I have set out the response below. To those of you who unknowingly collabarated in making me look much more mechanically adept and experienced, I thank you.

"By the way, re the rear foot pegs, I never said to straighten them in a vice, I said to twist them a little so they grip more when re-inserted."

"From: Gary Dick [mailto:[email protected]]
Sent: Friday, January 16, 2004 10:23 AM
To: Karl Scott
Cc: SvceBNE
Subject: Front End Klunk - Attention Julian
Sensitivity: Confidential



Karl,

We do have a procedure for adjusting the steering head bearings and it does involve using a higher torque figure than suggested in the manual (45–55 ft-lbs) being applied to the upper fork stem nut (# 2 on your diagram). However, if an excessive amount of torque is applied to that nut without paying very close attention to the setting of the “fall away” adjusting nut (# 6 on your diagram), your “fall away” measurement will be incorrect and that can result in either a weave or wobble from the front end. An incorrectly set “fall away” measurement can also result in premature wear of the steering head bearings themselves. The reason we use a higher torque figure on the upper fork stem nut is in an effort to help over-come the fork “clunk” that you sometimes hear from different model H-D front ends. This “clunk” is caused through a very small amount of movement between the “fall away” adjusting nut (# 6 on your diagram) and the under side of the upper triple clamp (# 4 on your diagram). By applying more torque to the upper fork stem nut (# 2 on your diagram), it reduces the likelihood of movement and therefore the “clunk” diminishes. The adjustment of the steering head bearings on your motorcycle will have been checked during the course of routine maintenance / service procedures. The bearings etc do settle in over a period of time and the steering head bearings do require closer attention during the early stages of their life. There is another “clunk” that can sometimes be heard from the front end of some H-D models and that is from the internals of the front forks themselves. In the majority of cases, using a slightly heavier grade of fork oil helps reduce that “clunk”; however, this in turn can make the “clunk” from the steering head area a little more noticeable. In cases like that it can take a little extra fine tuning to try and find the happy medium between the two. As far as loose foot pegs go, we sometimes turn the spring plate around (as we have with yours) and then just tighten them. I can’t see that flattening the spring plates would help at all. It could be that they have settled in now and are in need of being tightened again. Other than that, it’s not something we are seeing on a regular basis. I hope this has been of some assistance to you.

Regards,

Gary Dick.

Service Manager.

Morgan & Wacker P/L.

[email protected]



-----Original Message-----
From: SvceBNE
Sent: Wednesday, 14 January 2004 4:36 PM
To: Gary Dick
Subject: FW: Front End Klunk - Attention Julian
Sensitivity: Confidential



Gary, can you have a look at this one please. He has also asked about the rear foot pegs being very loose and that he saw something on the net about turning the spring washers around after straightening them in a vice.





Julian Richards
Service Advisor.

-----Original Message-----
From: Karl Scott [mailto:[email protected]]
Sent: Wednesday, 14 January 2004 4:32 PM
To: SvceBNE
Subject: Front End Klunk - Attention Julian
Sensitivity: Confidential

Hi mate,



I know we talked about it and you said you check the torque on the nut in the attached picture every service. Seems a lot of us have an issue here though so thought I would drop you a line anyway. The scuttle but on this bolt and the klunk is that the klunk can be erased by torquing nut number 2 (see attached diagram.) - apparently the factory preset is 95 ft pounds? Seems pretty high, so maybe the preset isn't getting done at the factory?
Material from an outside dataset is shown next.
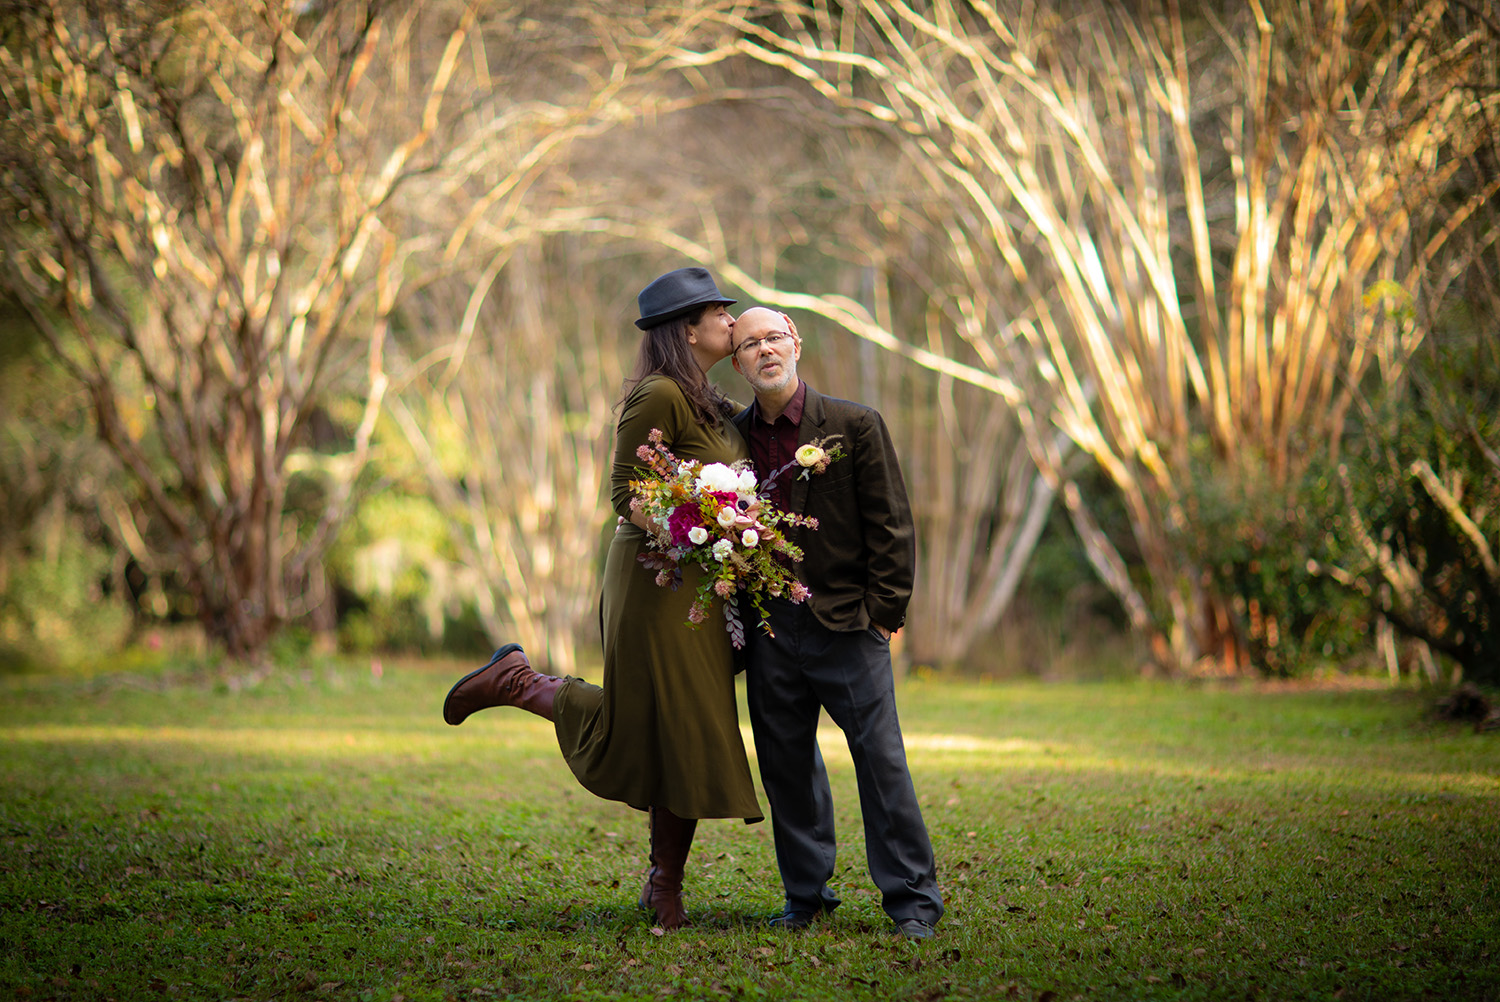 Ambrose Wedding on Monday, Dec. 21, 2020 in Gainesville, Fla. (Photo by Matt Stamey)
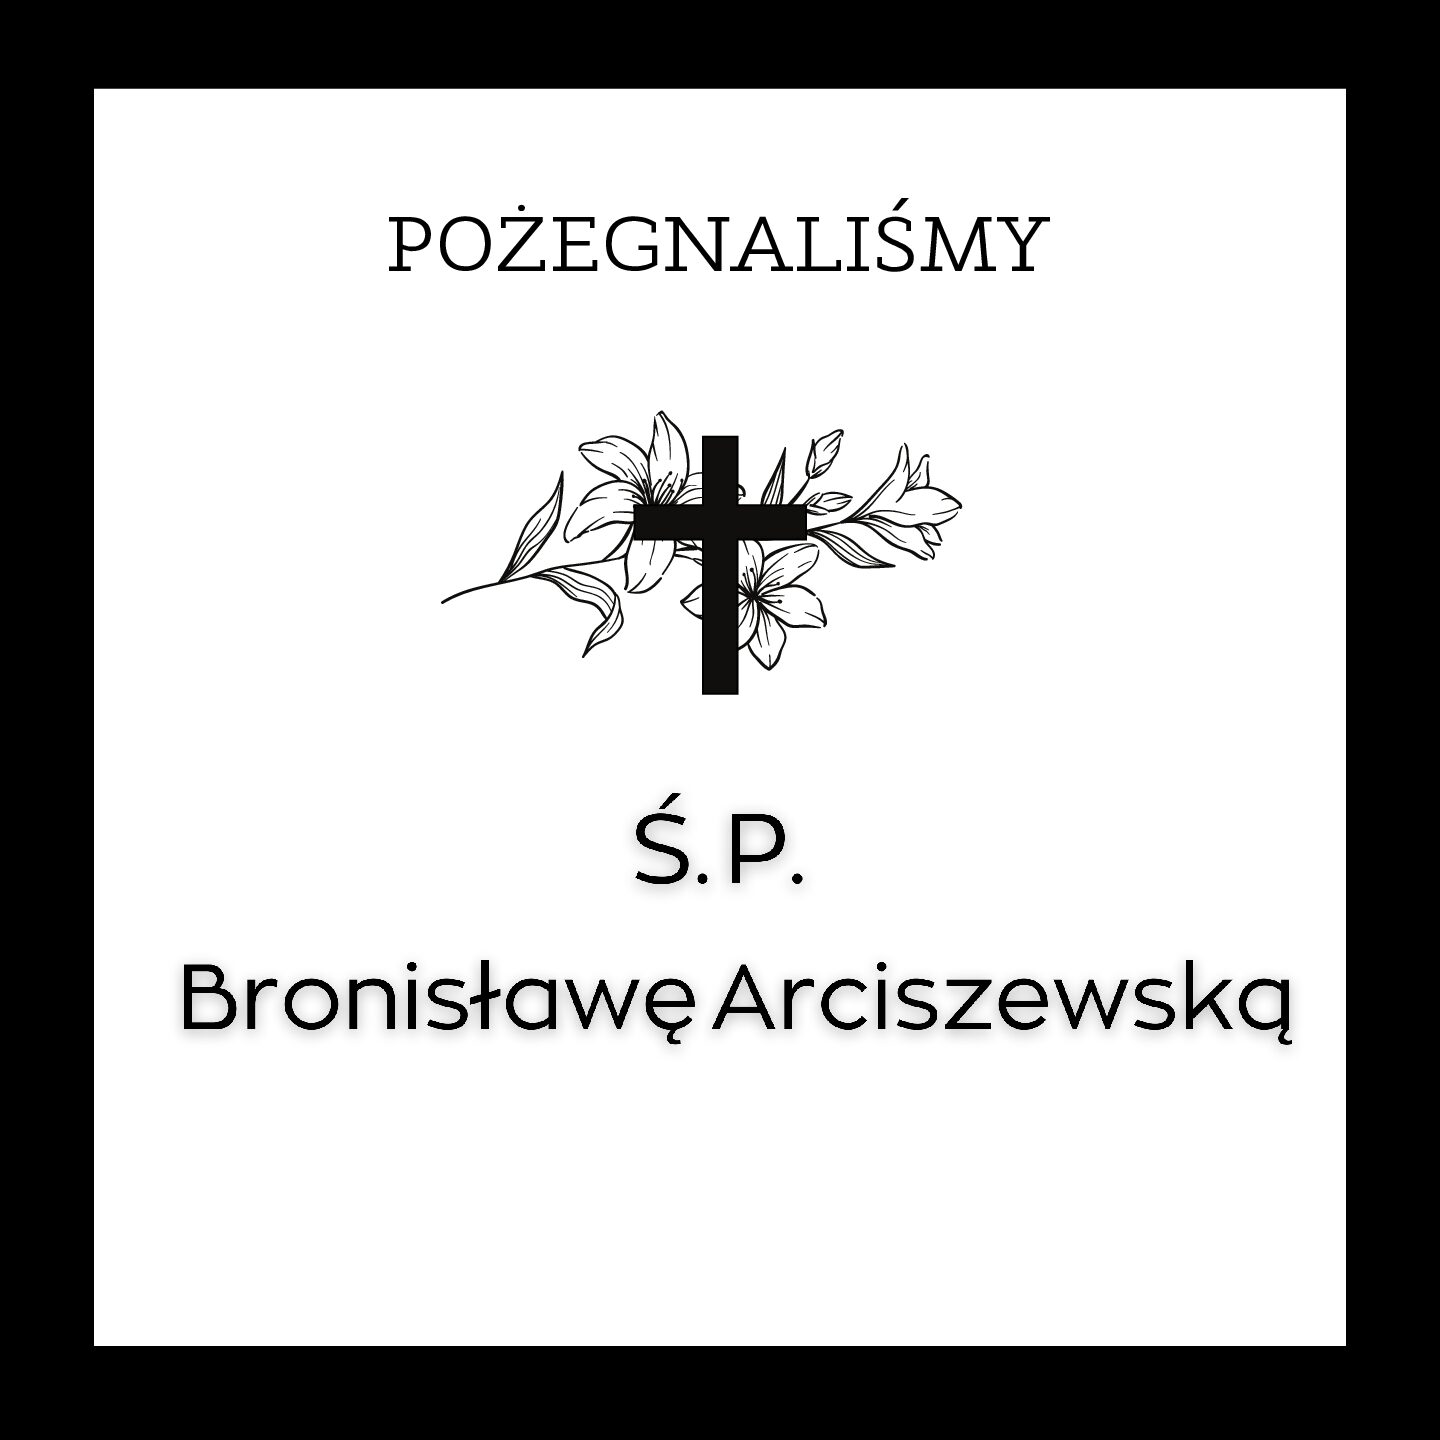 Pożegnaliśmy Panią Bronisławę Arciszewską

A summary (including some cut and paste) of what I don't get and of what I have found follows.

I'm trying to understand the relationship between the top nut, # 2 and the fall off adjustment nut, #6. First time I ever heard of fall off in that context :)

There's a quite elaborate description of how to set the tension on the bearings using #6, it's called "Setting the Fall Off". It looks like #6 is used to load (or preload) the bearings and all #2 is going to do is clamp down on #6 and have no effect on the pressure against the bearings. That can't be true or tightening #2 will have no effect on the "clunk", right? The book calls for the #6 nut to be hand tightened and then 45-55ft lbs of torque on the #2 nut.

Does tightening #2 change the fall off? Does the design of #6 allow pressure to be passed through it onto the bearing washer?

Has anyone checked the fall off on my bike to factory spec? (I assume so).

I imagine that if you get #6 too tight you will feel binding in the steering and bugger the recommended fall off. It seems the #2 nut captures the entire shaft and holds pressure on it for the upper triple tree.

I think the 04 spec might have changed too from what I have seen - as in the recomendations are different in the manual for 04 to 03?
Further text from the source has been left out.